Significantly enriched (p < 0.05) from representation in the Drosophila proteome.
Some domains were not represented in SIDs. These include WW, MH2, and BH1_2_3_4. The exclusion of WW and BH domains from the SIDs is due to the bias in the bait protein distribution (data not shown) combined with the low occurrence of these domains in the annotated fly proteome.
Comparison with known fly interactions and with other large-scale projects
We compared our data with the genome-wide exploration of the fly interactome recently published by Giot et al. (2003). This study includes both the screening of a collection of 10,306 full-length prey proteins and of two commercially available cDNA libraries. The resulting draft map includes 7048 proteins and 20,405 interactions. The study also presents a refined, high-confidence map of 4679 proteins and 4780 interactions.
We examined the number of known interactions recapitulated in each data set. We restricted both experimental sets to the PPI between two named genes (CG were excluded) in order to maximize overlap with the literature-derived set, and compared them with 945 Drosophila PPI curated from the literature (A. Baudot, P. Mouren, B. Jacq, and C. Brun, in prep.). This restricted our set to 885 interactions and the one of Giot et al. (2003) to 2787 interactions. Also, 51 interactions (1.8%) from the Giot data set and 20 interactions (2.3%) from the present study were previously known to interact or to occur in the same complex. Taken together with a recent Y2H screen concerned with the cell cycle (Stanyon et al. 2004), all three large-scale screens should be sources of novel information.

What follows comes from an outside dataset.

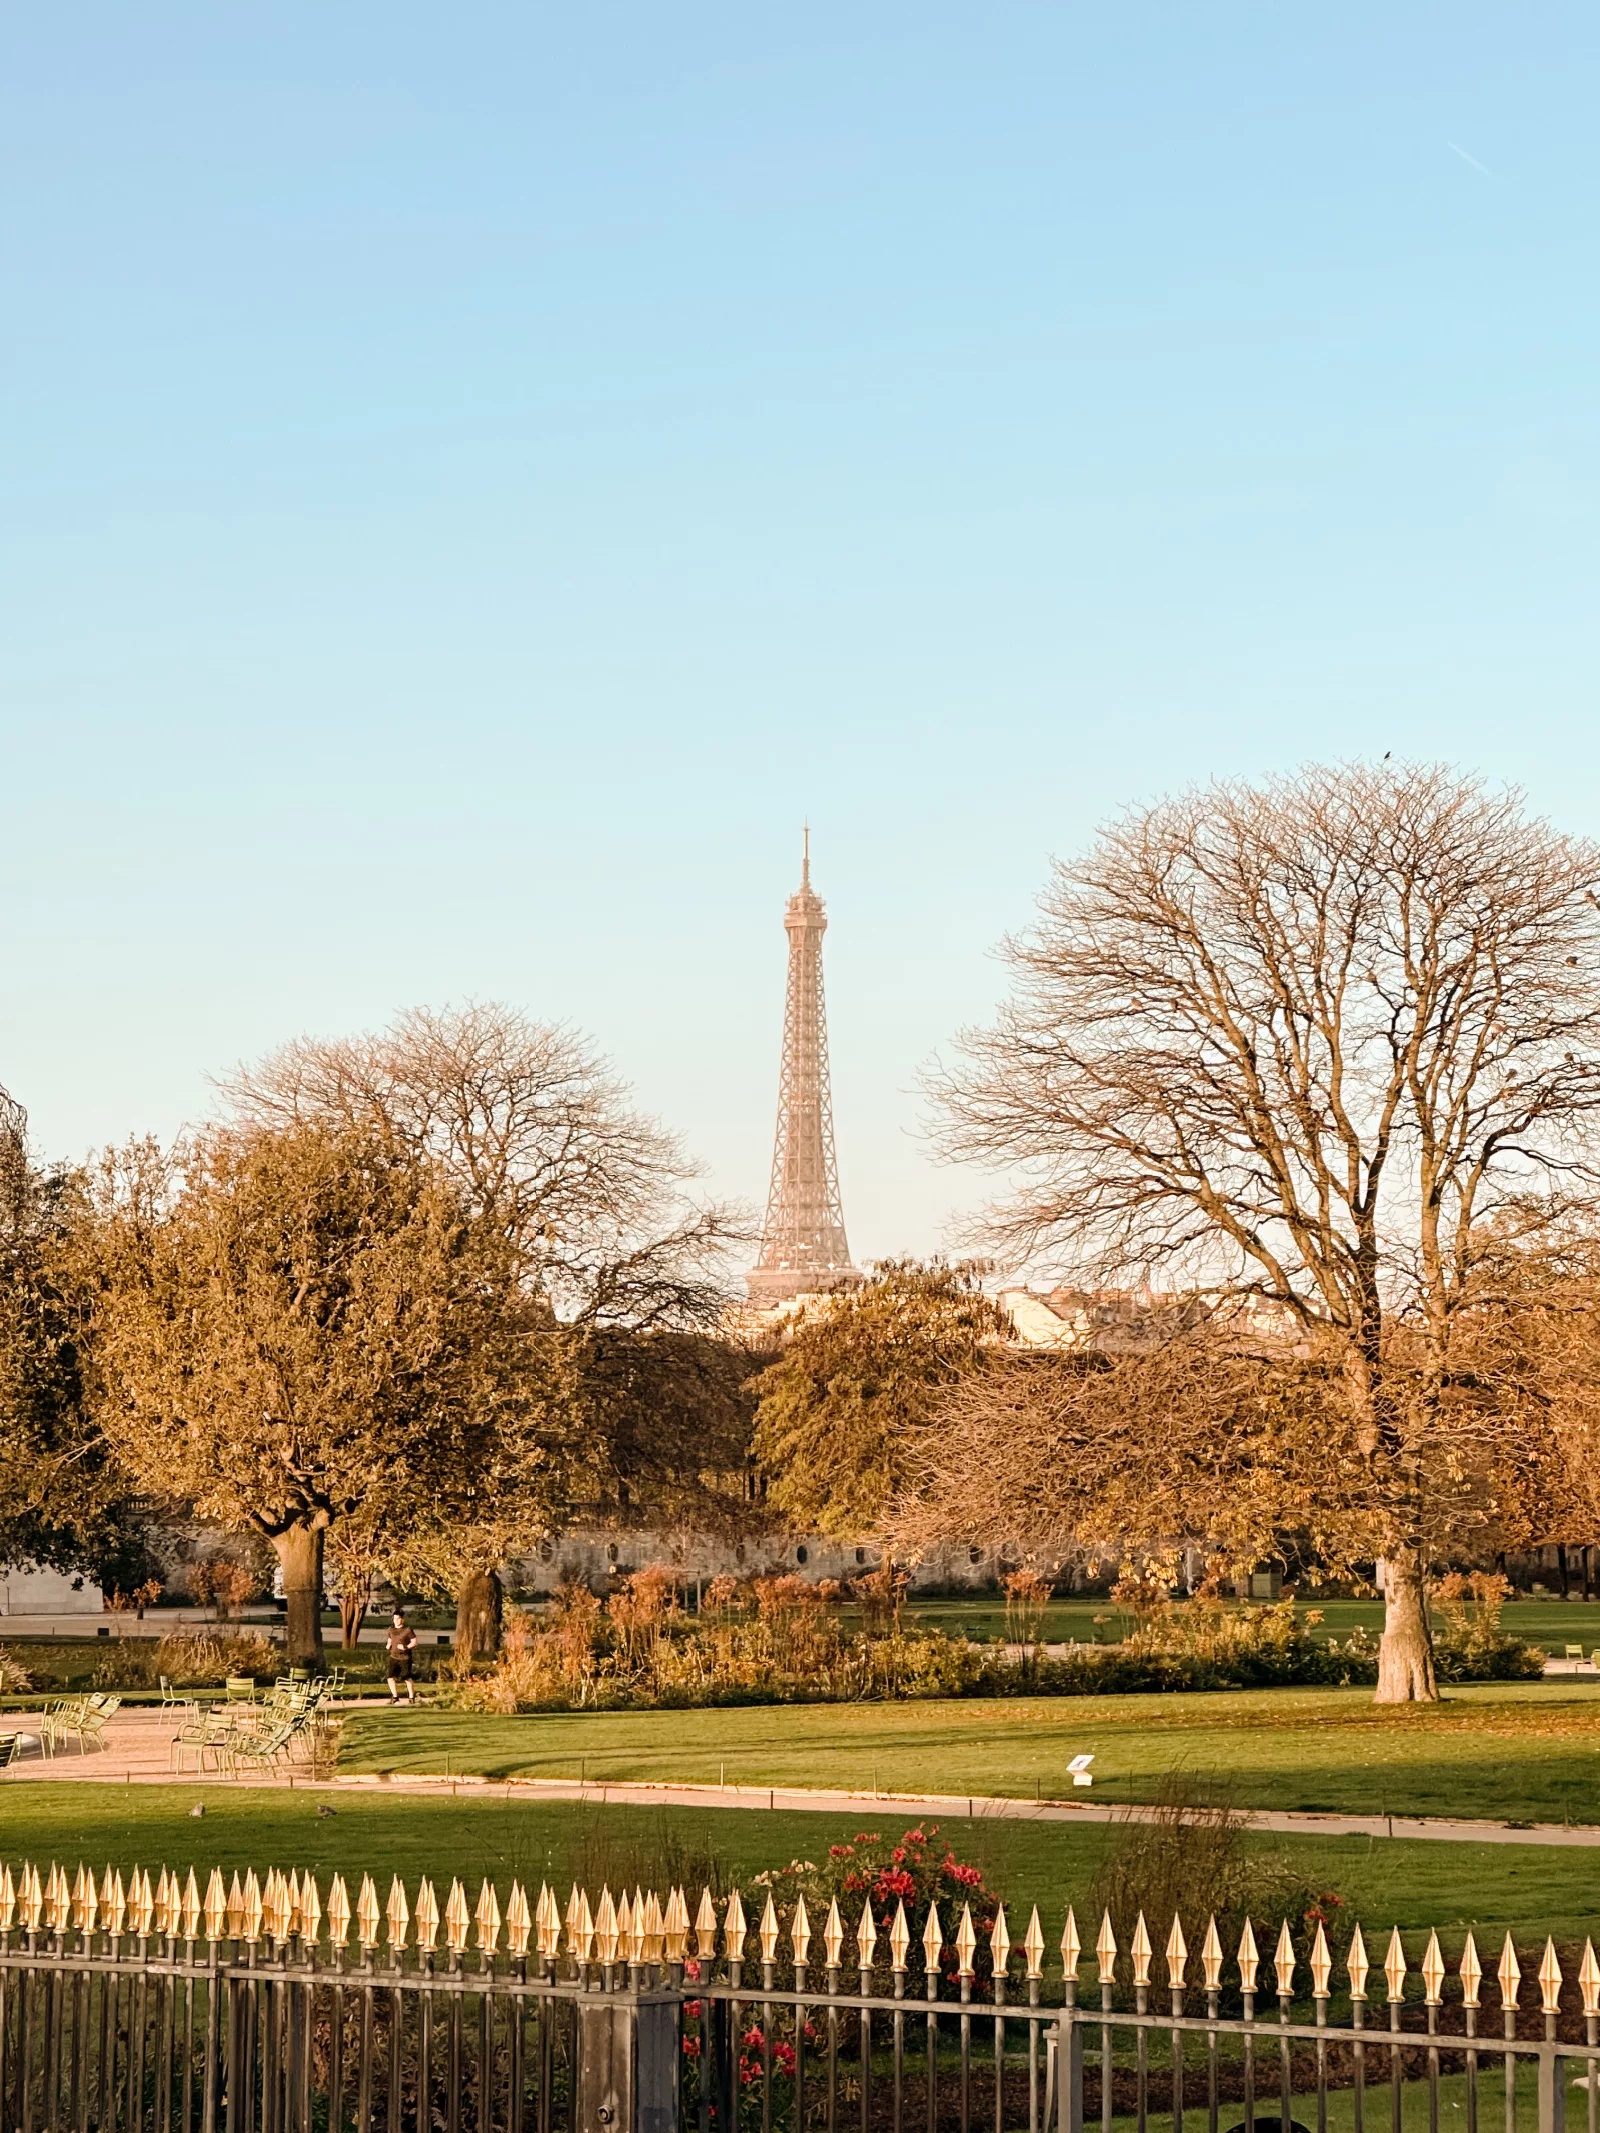 Eiffel Tower Views in Paris from the Tuileries

To examine how the Giot data set overlapped with ours, we restricted both maps to the PPI involving common bait proteins. Out of the 102 proteins analyzed in the present study, only 30 were found as baits in the genome-wide interaction map. These 30 common bait proteins are implicated in 216 PPI in the Giot map and in 662 PPI in ours. Unexpectedly, the overlap was rather small as the data sets share only 24 interactions (Supplemental Table 2).
We also analyzed the overlap between both data sets and the 4829 genetic interactions gathered in FlyBase. The present map and that of Giot et al. (2003) recapitulated 2.15% (19/885 PPI) and 1% (29/2787 PPI) of the genetic interactions, respectively (Supplemental Table 3). This small overlap indicates that the two approaches provide complementary tools to decipher biological processes.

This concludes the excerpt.